_Exercise_
The listing is to be reproduced exactly, excluding its pictures.

_Available data_
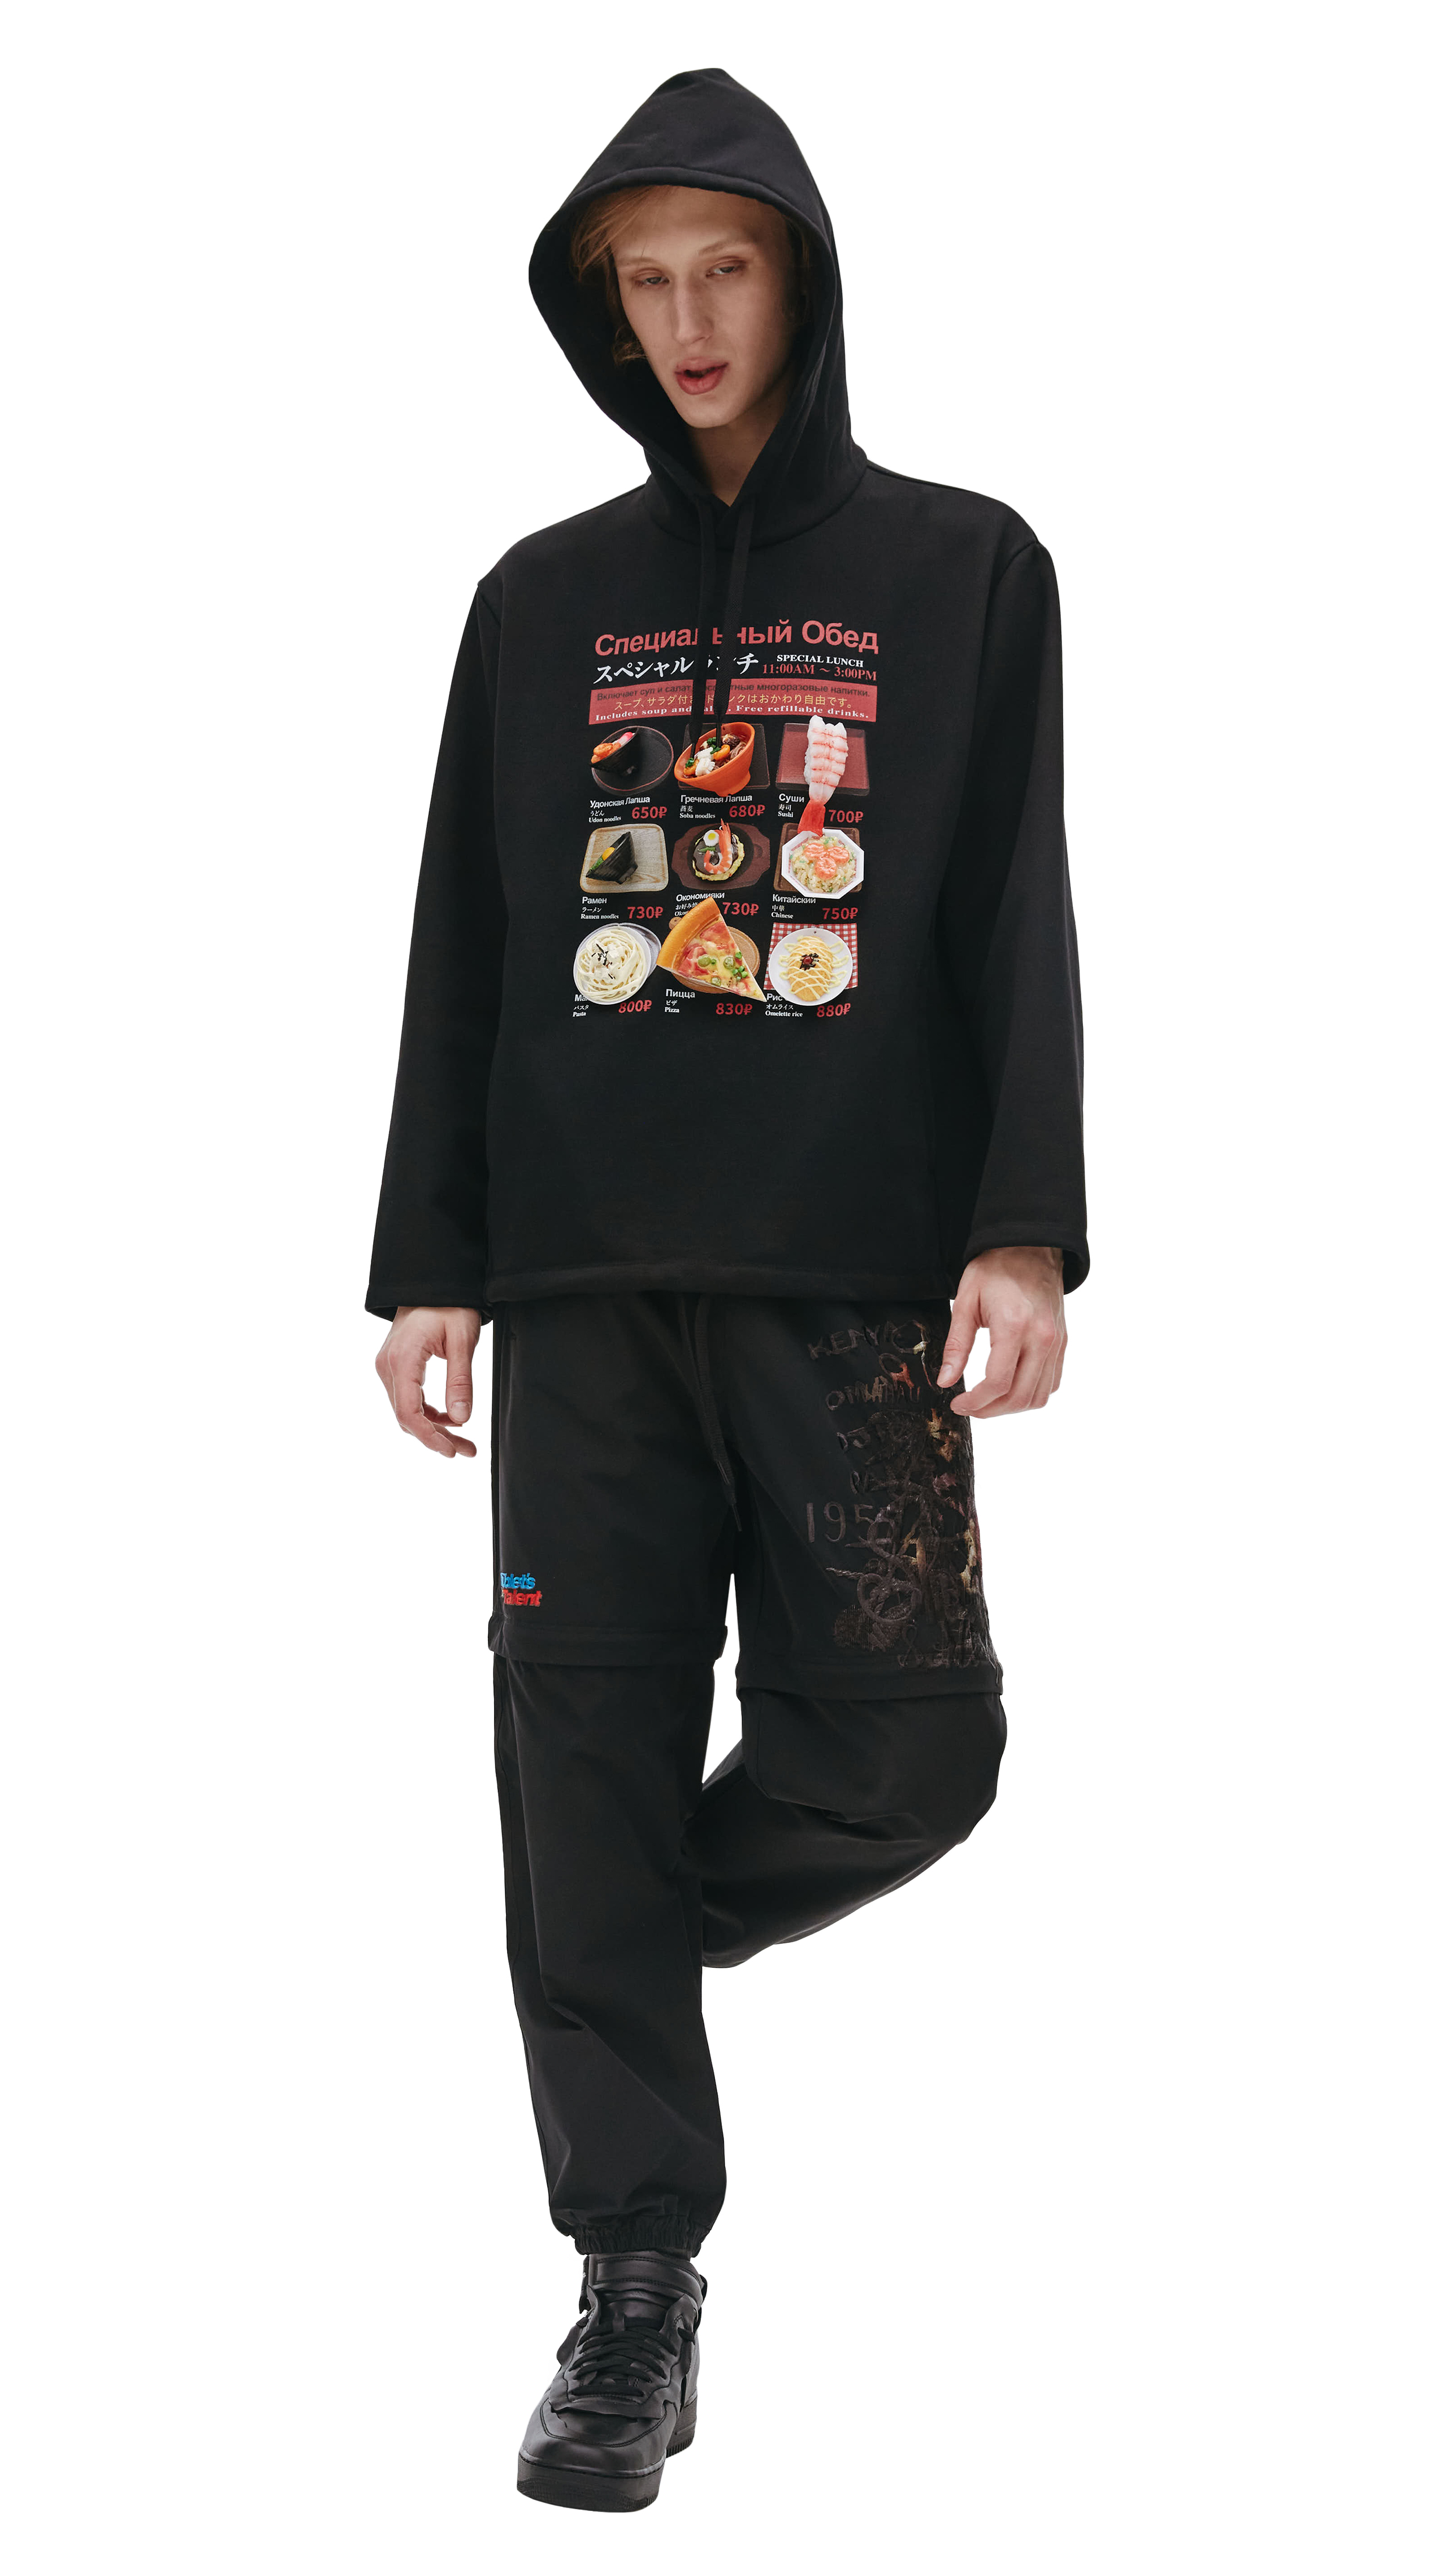 Buy Doublet men black hoodie doublet x sv for $715 online on SV77
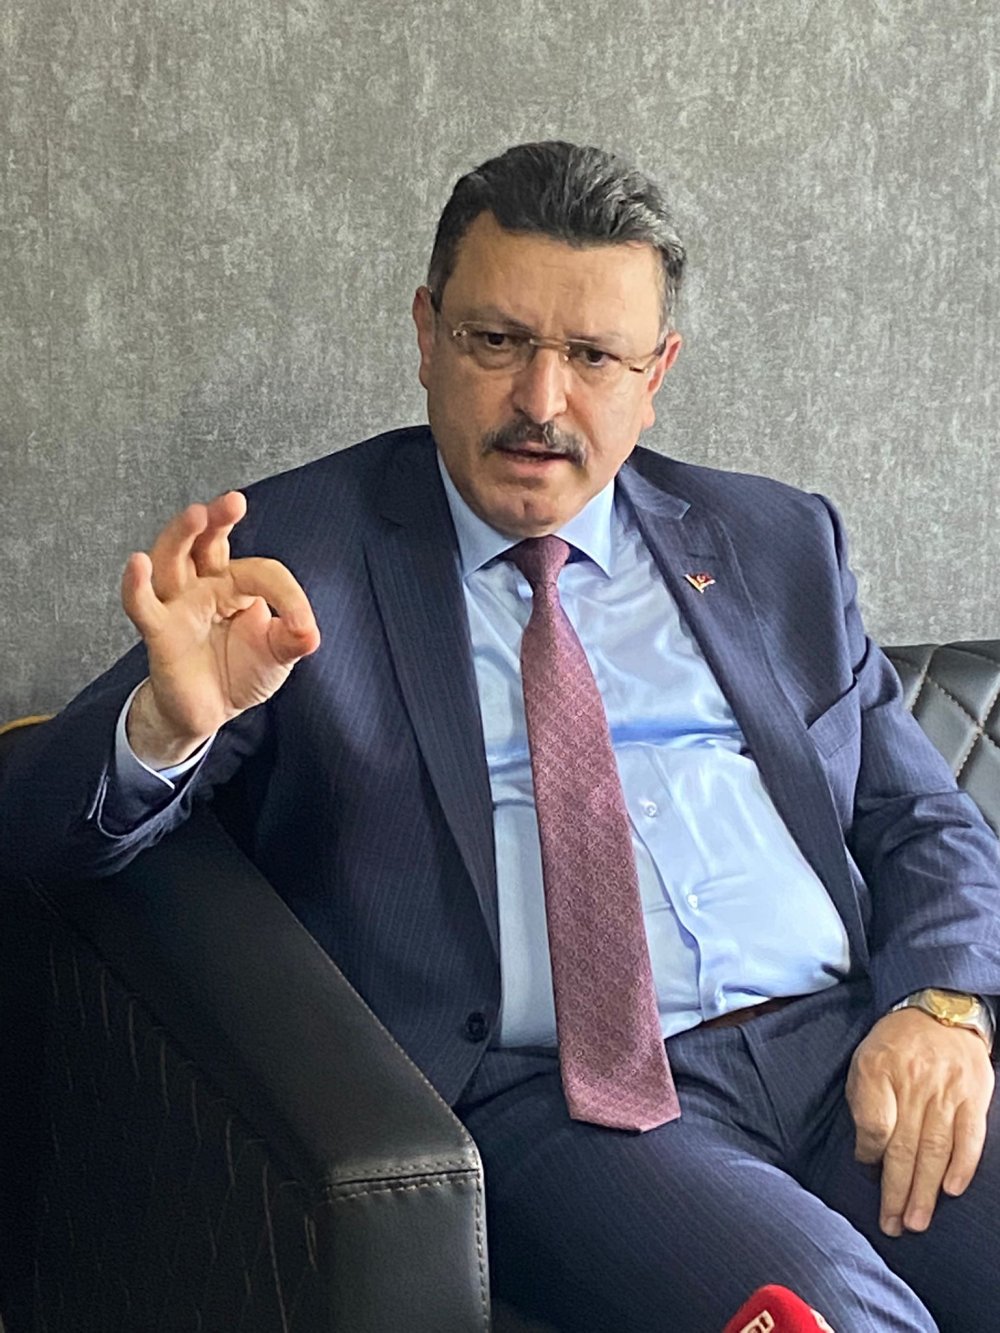 Ortahisar Belediye Başkanı ahmet Metin Genç, 61saat'in sorularını yanıtladı  - TRABZON HABER SAYFASI
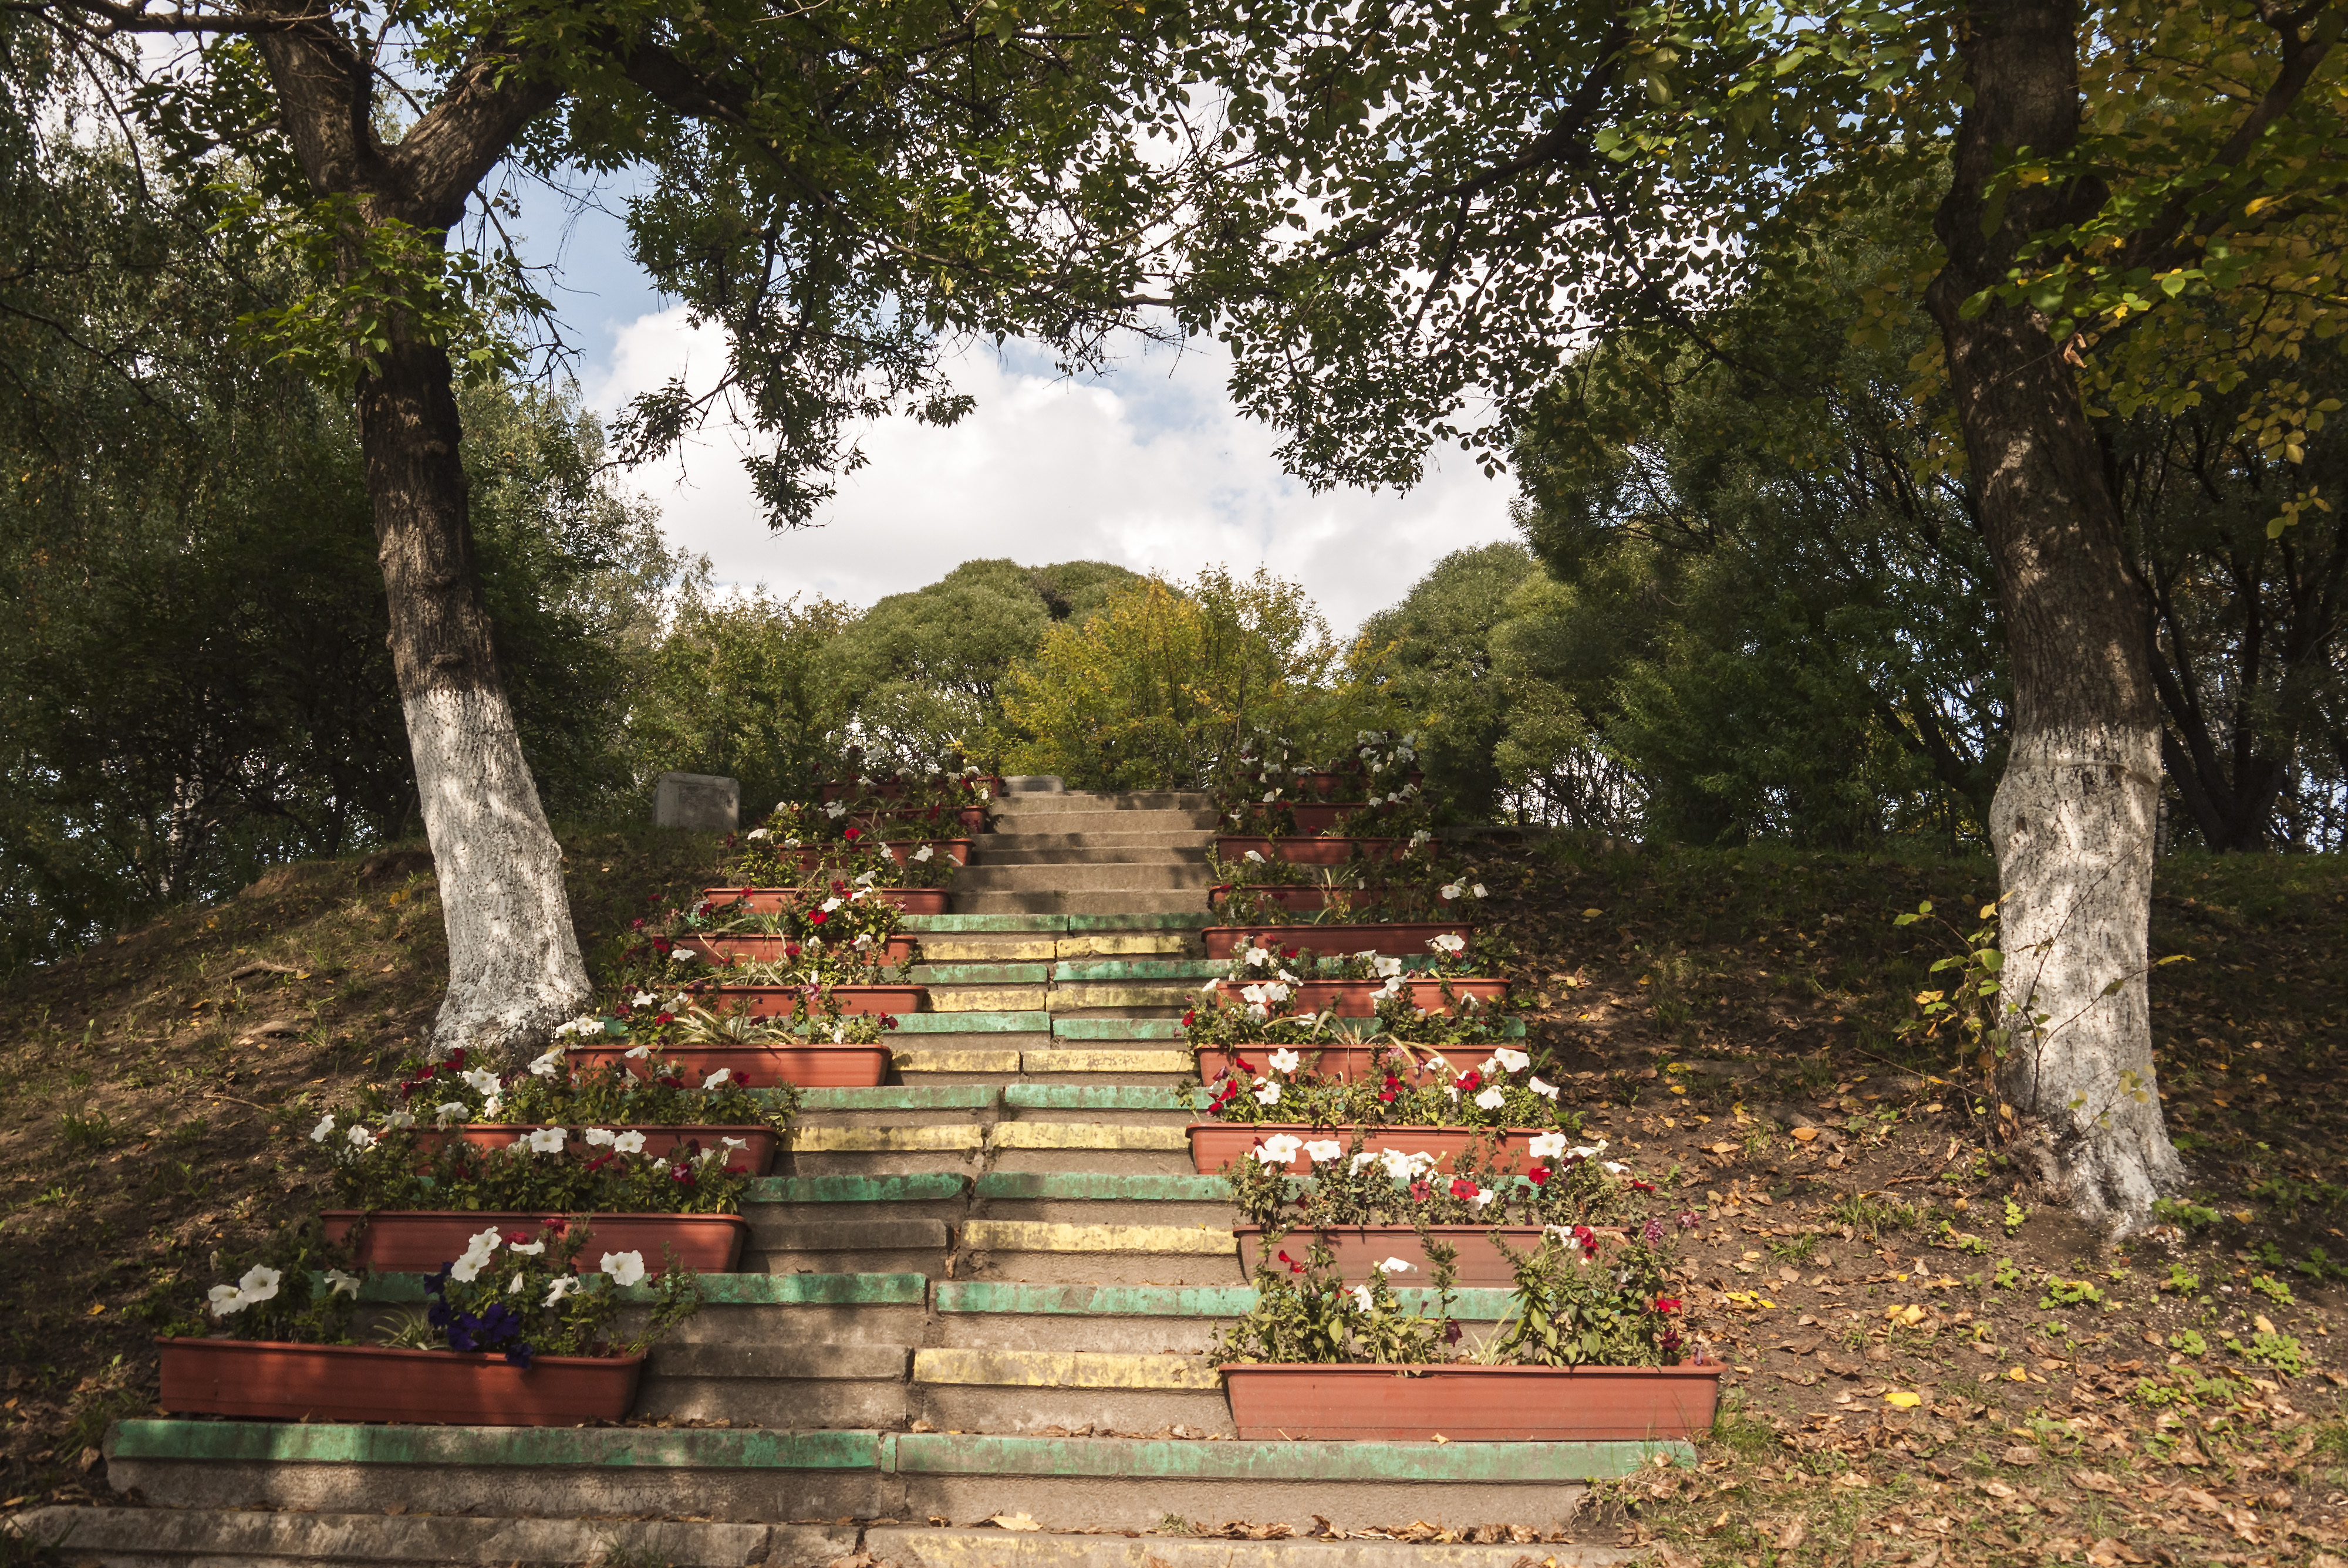 Парк взагалі, якось налаштувався на молодят, крім моста з замками, є ще сходи закоханих з плошками для квітів на сходинках

_Result of the exercise_
 Buy Doublet men black hoodie doublet x sv for $715 online on SV77
 Ortahisar Belediye Başkanı ahmet Metin Genç, 61saat'in sorularını yanıtladı  - TRABZON HABER SAYFASI
 Парк взагалі, якось налаштувався на молодят, крім моста з замками, є ще сходи закоханих з плошками для квітів на сходинках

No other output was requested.